-- Task statement --
Return the listing below unchanged, except that the pictures are dropped.

-- Source material --
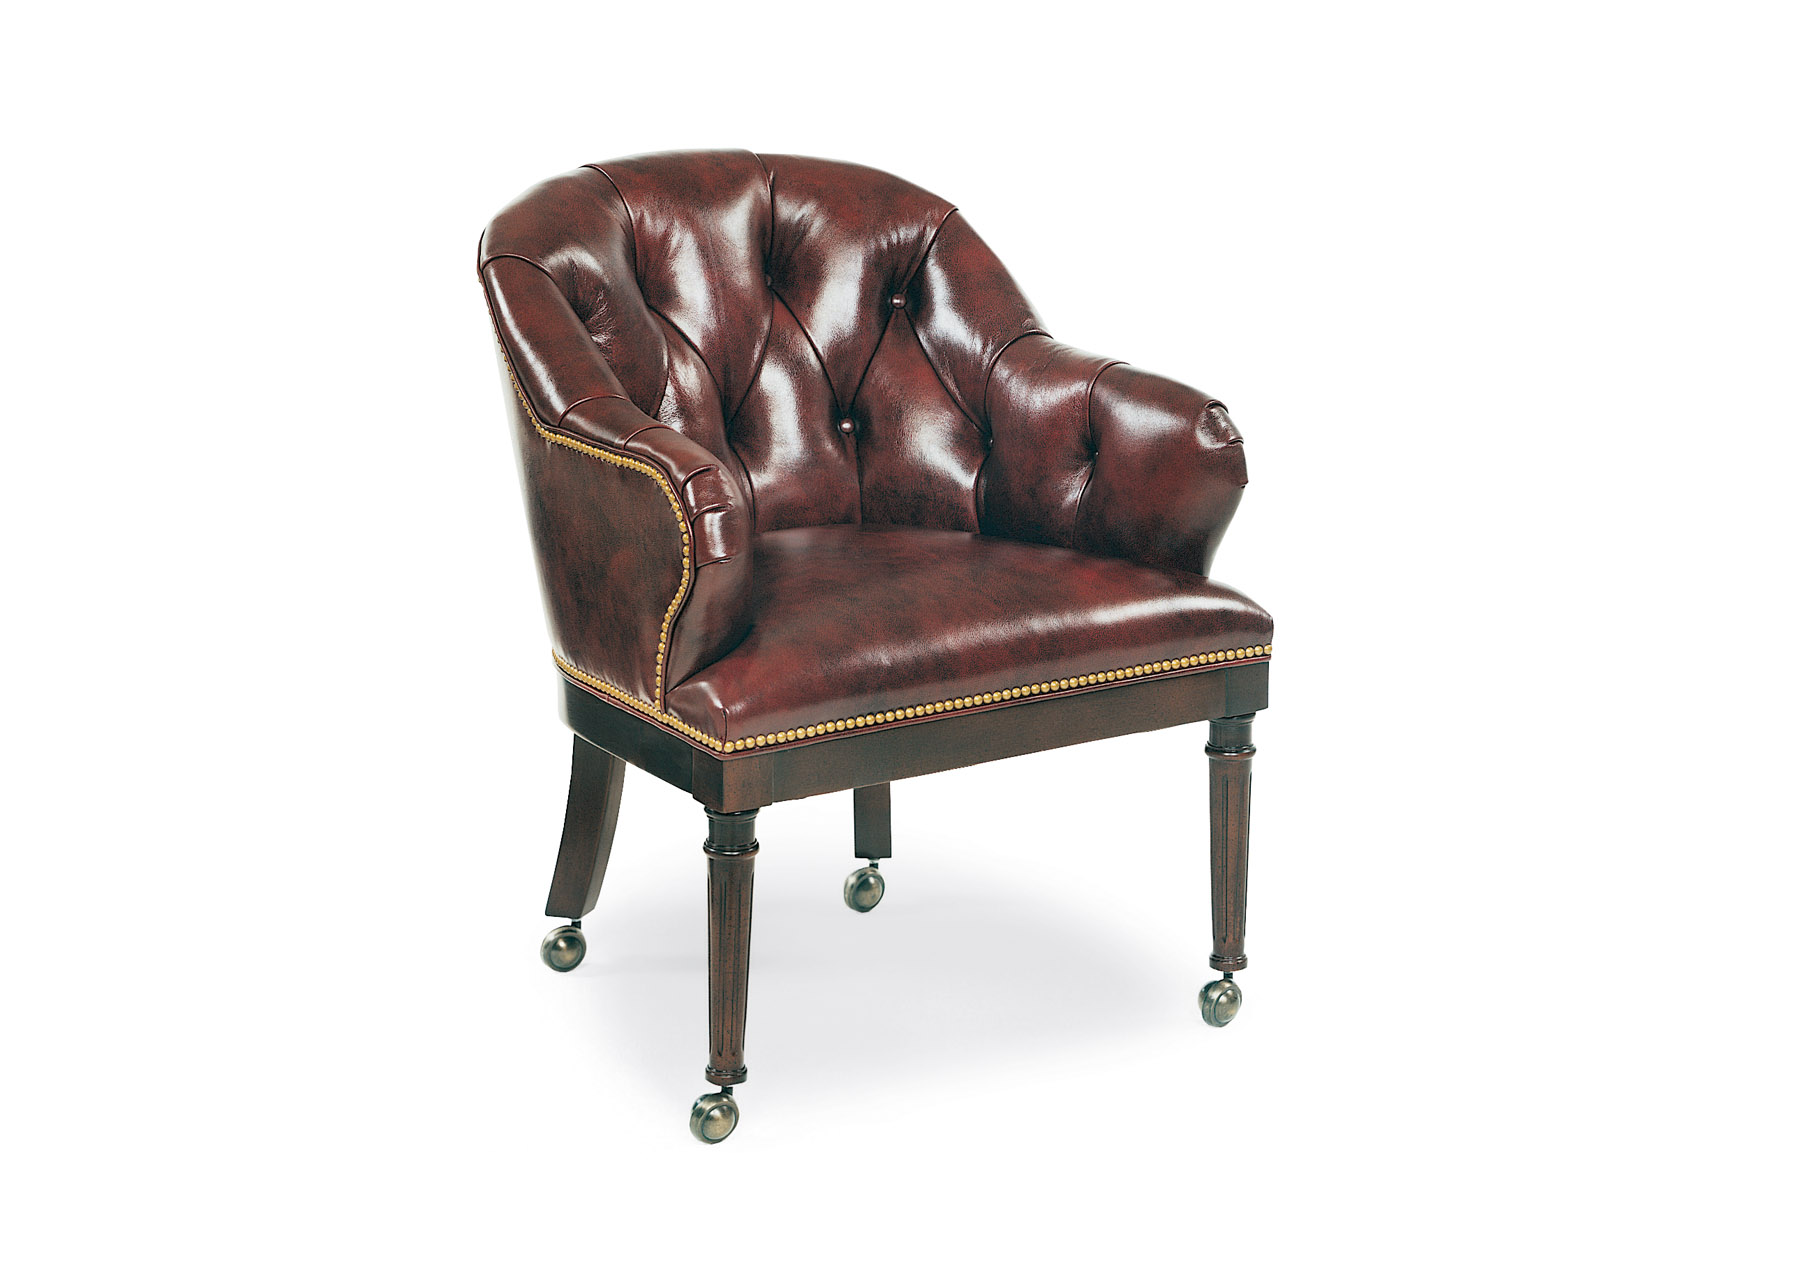 GRIGSBY TUFTED CHAIR
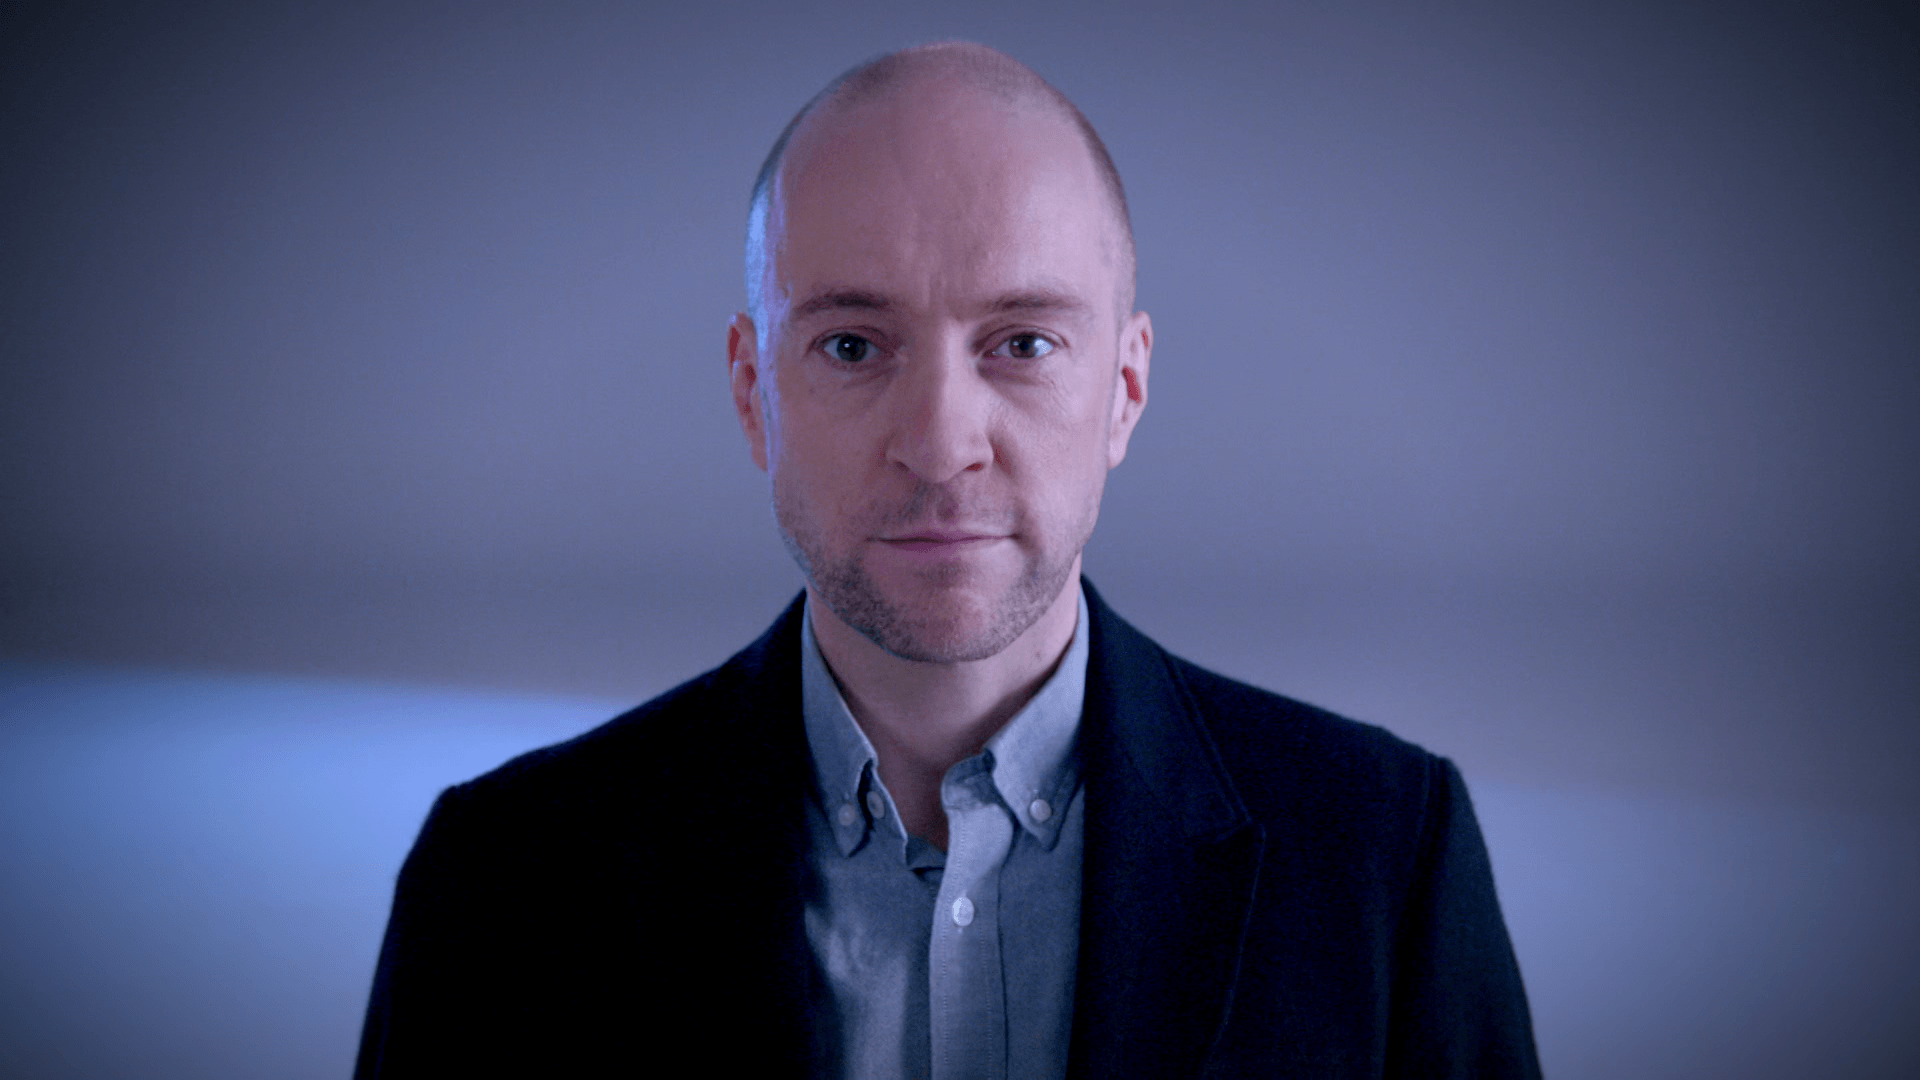 Can Derren Brown convince someone to be a Sacrifice for a stranger
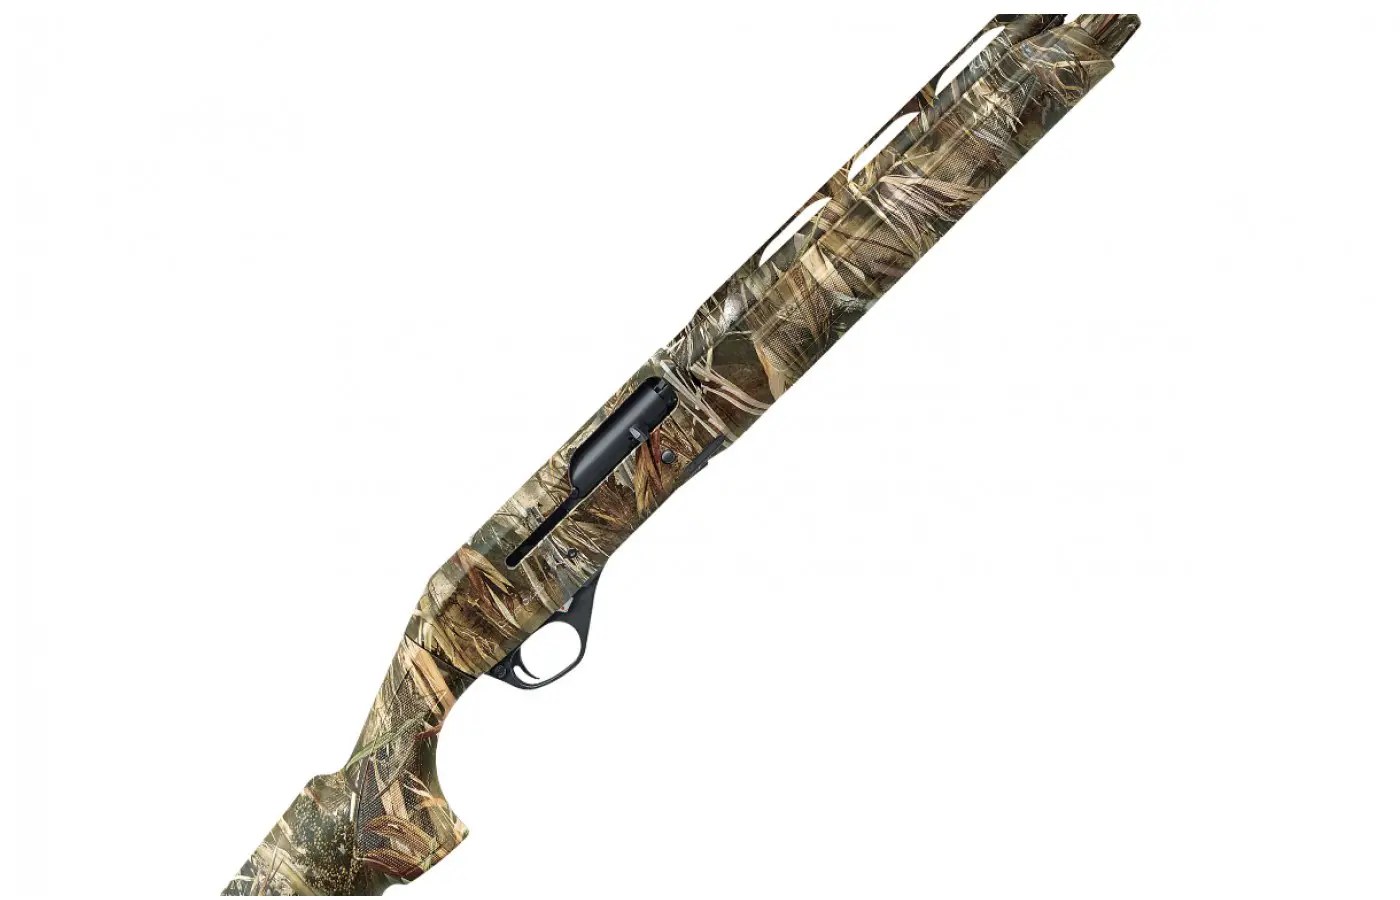 whether you happen to rely on camouflage when hunting to have your gun blend into the environment, or contrarily if you need a black coloration in order to find your gun instead of having it blend into the environment 
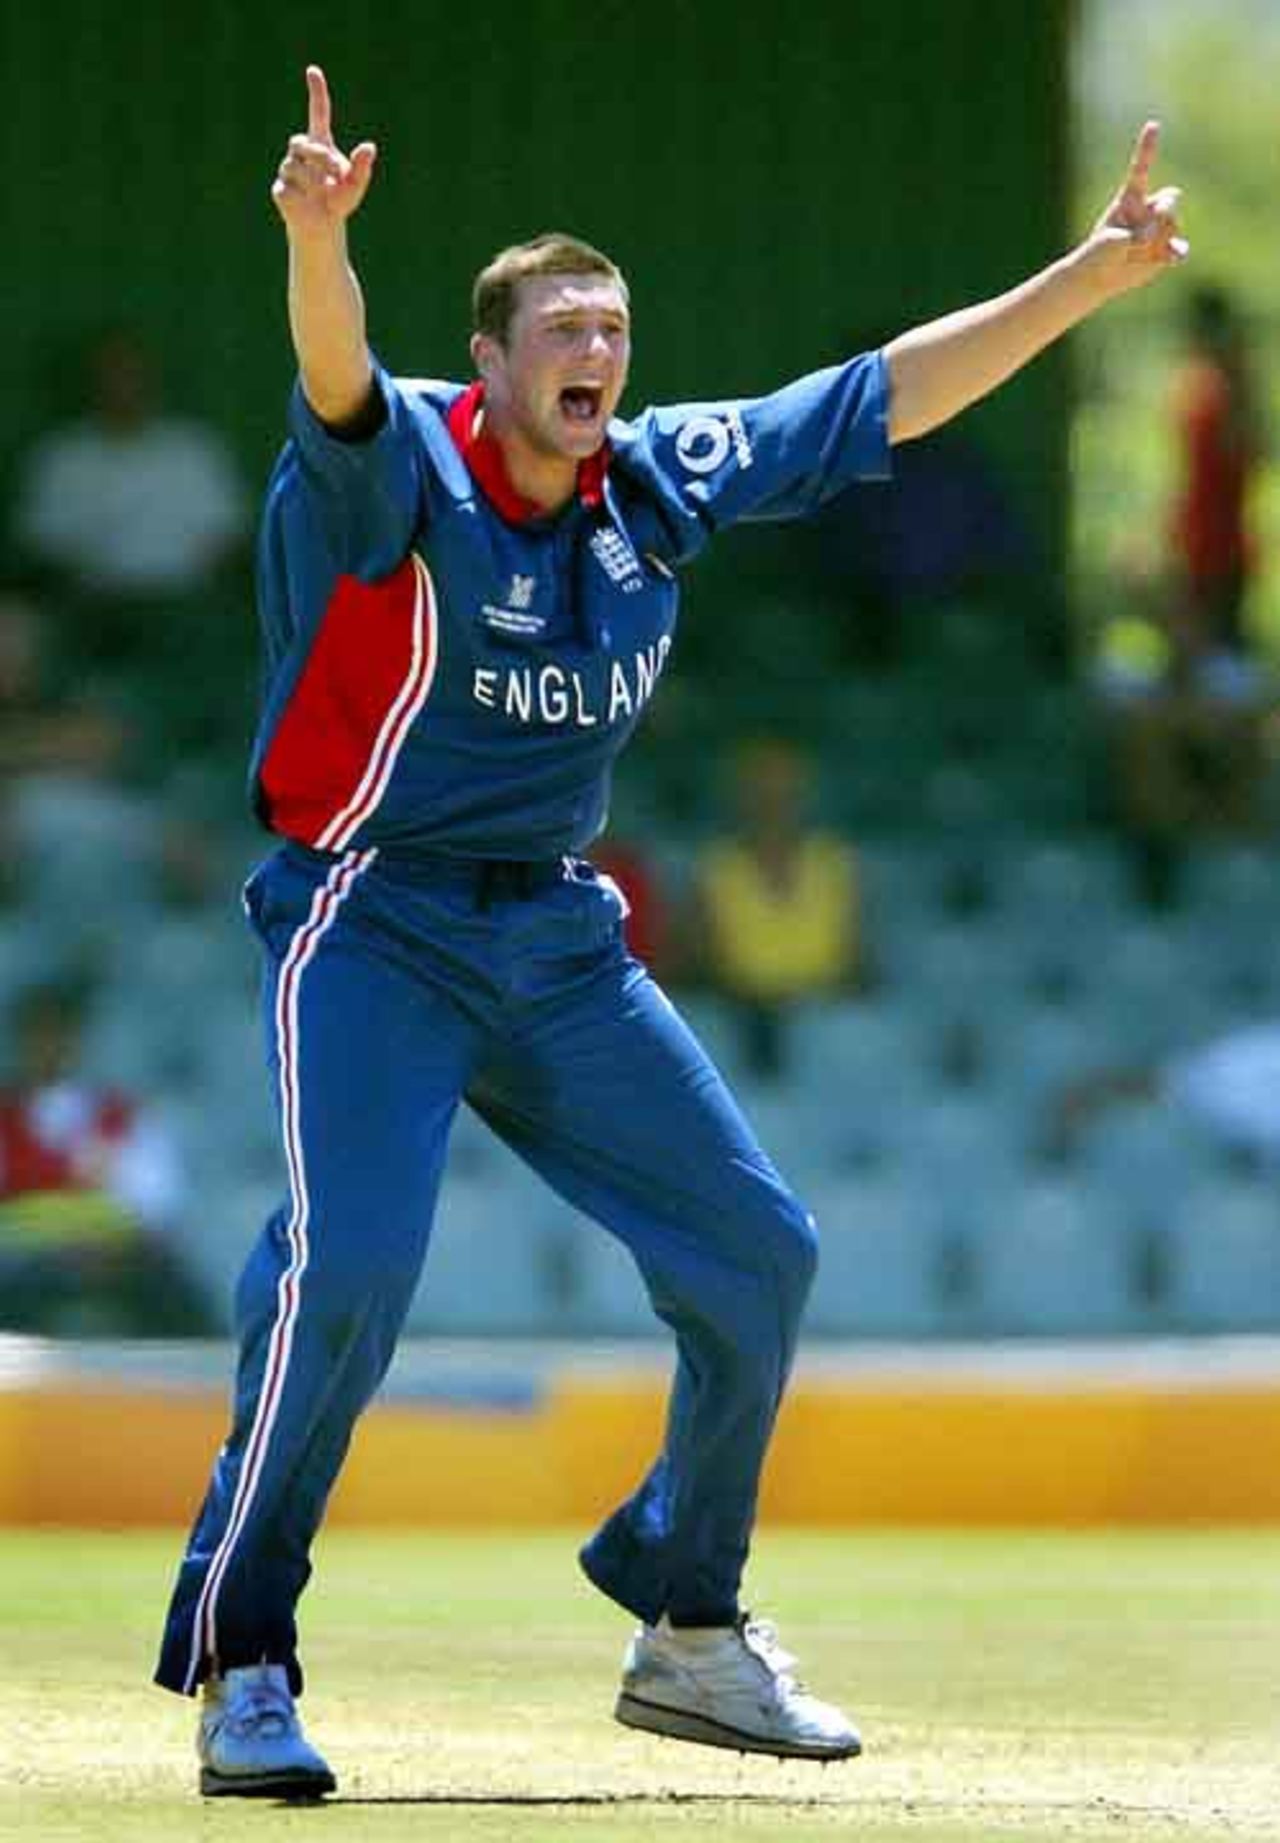 England's Stephen Harmison appeals and gets the wicket of Border Bears Craig Sugden LBW during their World Cup warm up match against Border Bears at Buffalo Park in East London, South Africa, February 6, 2003.

-- Result for this exercise --
 GRIGSBY TUFTED CHAIR
 Can Derren Brown convince someone to be a Sacrifice for a stranger
 whether you happen to rely on camouflage when hunting to have your gun blend into the environment, or contrarily if you need a black coloration in order to find your gun instead of having it blend into the environment 
 England's Stephen Harmison appeals and gets the wicket of Border Bears Craig Sugden LBW during their World Cup warm up match against Border Bears at Buffalo Park in East London, South Africa, February 6, 2003.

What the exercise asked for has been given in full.